From the perspective of industry and demand, management explicitly points out that AI computing demand remains in a state of "supply exceeding demand." CEO Eddie Wu stated in the earnings call that there are global supply bottlenecks generally affecting AI servers, GPUs, and storage, which will be difficult to completely alleviate in the short term (next 2–3 years). This implies that the high growth of Alibaba Cloud is not a one-time jump but is more likely a medium-cycle trend driven by the continuous increase in AI penetration.

On the financial front, Alibaba is undertaking significant upfront investment pressure for cloud and AI. AI-related capital expenditure in the past four quarters was approximately RMB 120 billion, with a single-quarter CAPEX reaching RMB 31 billion, a year-over-year increase of 100%; coupled with a RMB 50 billion subsidy plan, this led to the FY2026 Q2 EBIT margin dropping to 2% (a low point since 2021), a 53% year-over-year decline in net profit, and negative free cash flow of RMB -21 billion. While short-term profitability is under pressure, this is essentially a strategic choice of "proactive growth for exchange," which is highly consistent with the capital cycles of global hyperscale cloud vendors.

In terms of capital allocation, Alibaba has clearly shifted its focus from shareholder returns to AI investment. Although the buyback quota was raised by $25 billion in 2024, only $200 million was repurchased in the quarter ending September 2025, a decrease of about 75% from the previous quarter. Management has explicitly placed AI and cloud growth as the top priority, and the pace of buybacks is expected to remain constrained in 2026.

In terms of valuation, Alibaba shows a significant "US-China tech stock discount." The current Forward P/E is about 16.6x, significantly lower than Amazon's and Alphabet's 28–29x; the P/S is 2.1x, compared to Amazon's 3.0x and Alphabet's 9.9x. Even considering the China asset risk premium, Alibaba's valuation remains significantly low given its cloud business's 30%+ growth rate and domestic cloud market share leadership. If the market were to grant it a valuation closer to global tech leaders at 24x P/E in the future, the corresponding price midpoint has re-rating potential of over $200.

Of course, core risks cannot be ignored.
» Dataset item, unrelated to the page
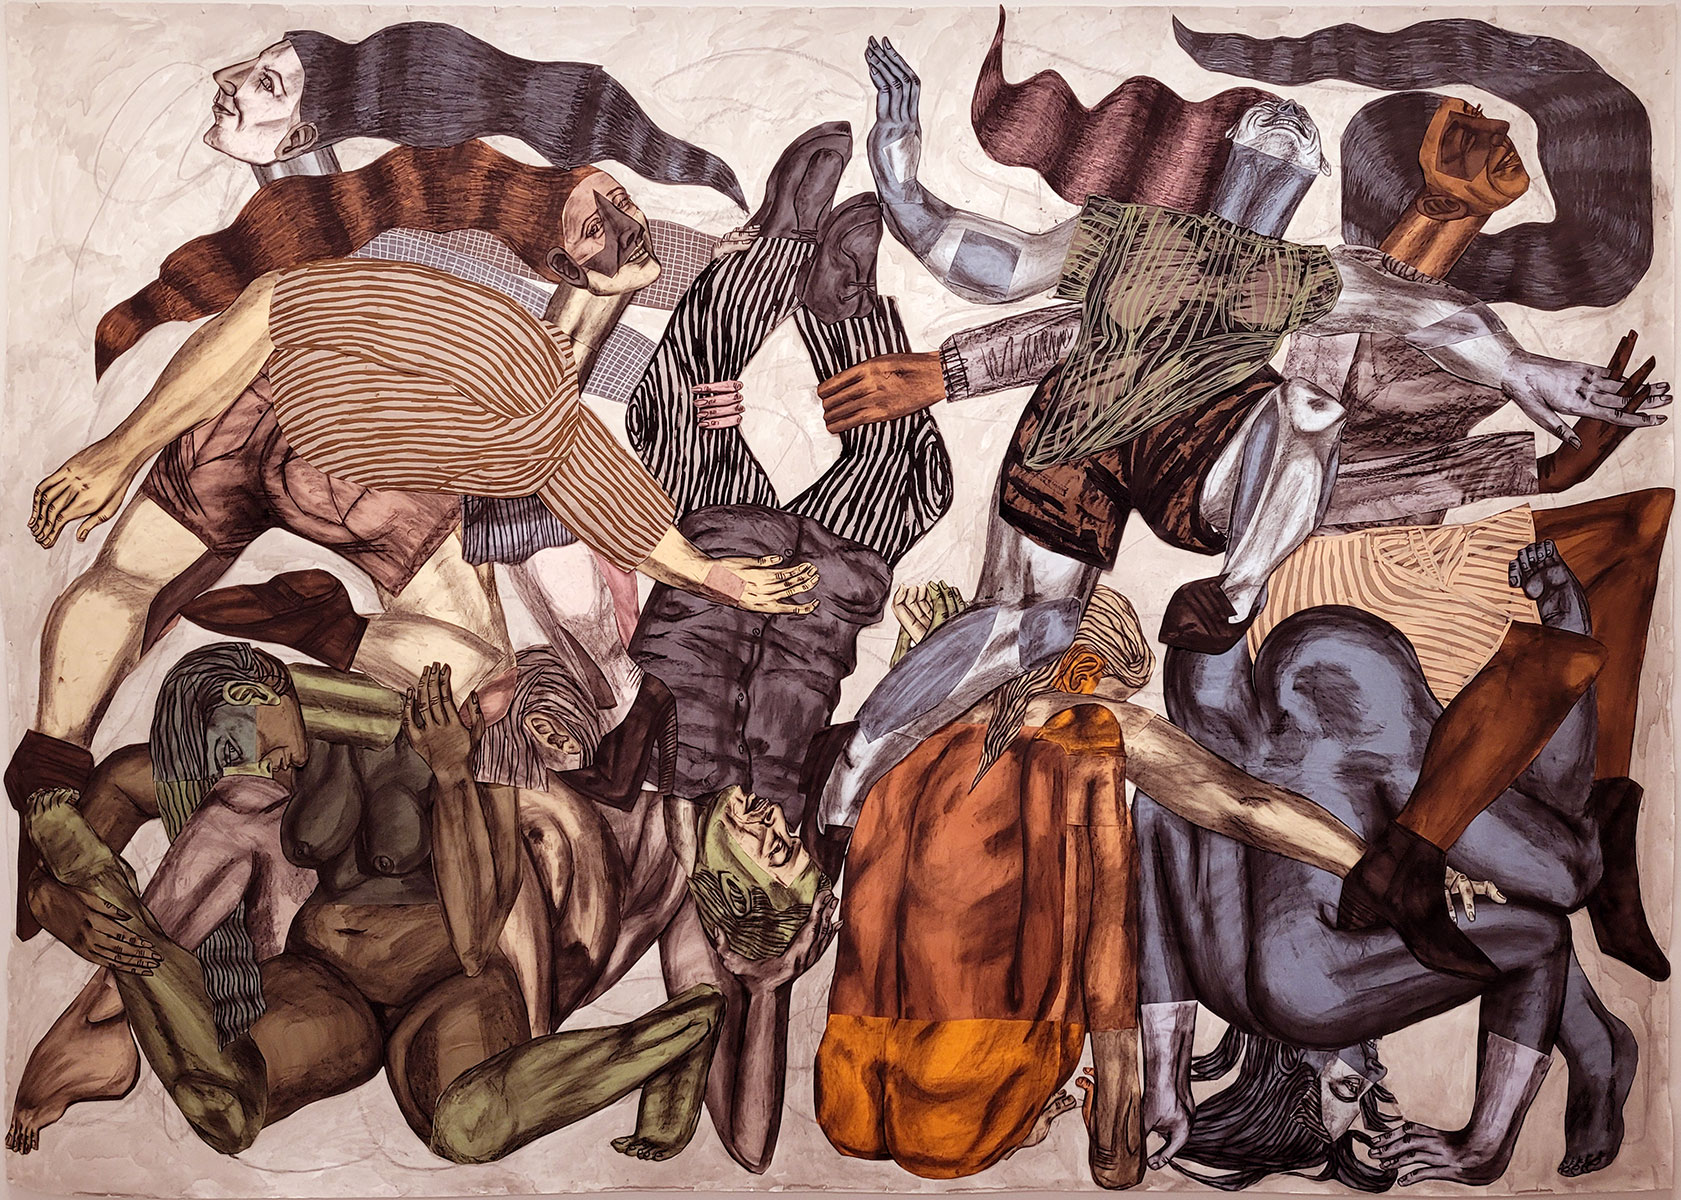 Susanna Inglada, The City, 2023, charcoal, acrylic, pastel on coloured, collaged paper, 245 x 400 cm

First, slowing growth in Chinese consumption and e-commerce will continue to drag down the group's overall revenue performance; second, the cloud business is highly dependent on the AI investment cycle and may continue to suppress profit and cash flow in the short term; third, advanced AI chips still partially rely on overseas supply, with geopolitical factors and export controls posing potential uncertainty; fourth, for the cloud business to truly grow into the largest revenue source, it still requires a 5–6 year period of sustained high growth.

From a technical perspective, observed on the weekly chart, BABA stock price has shown signs of stabilizing and rebounding after touching the support line of the long-term downward channel. The current price receiving support at this critical technical level indicates that bullish forces are attempting to organize a counterattack. If the stock can subsequently be accompanied by a modest increase in trading volume and hold steady above this support area, a weekly-level technical rebound is likely to unfold.

Overall Judgment: Alibaba is currently at a crucial inflection point where "old businesses are under pressure, and a new engine is forming." E-commerce is no longer the valuation anchor; the Cloud Intelligence Group is the core variable determining the long-term scope. Under the combined effects of domestic substitution of AI infrastructure, long-term scarcity of cloud computing power, and a significant valuation discount, Alibaba offers an AI infrastructure investment opportunity with controllable risk but significant upside flexibility.

Investment Rating: Buy (Mid-to-Long Term Allocation).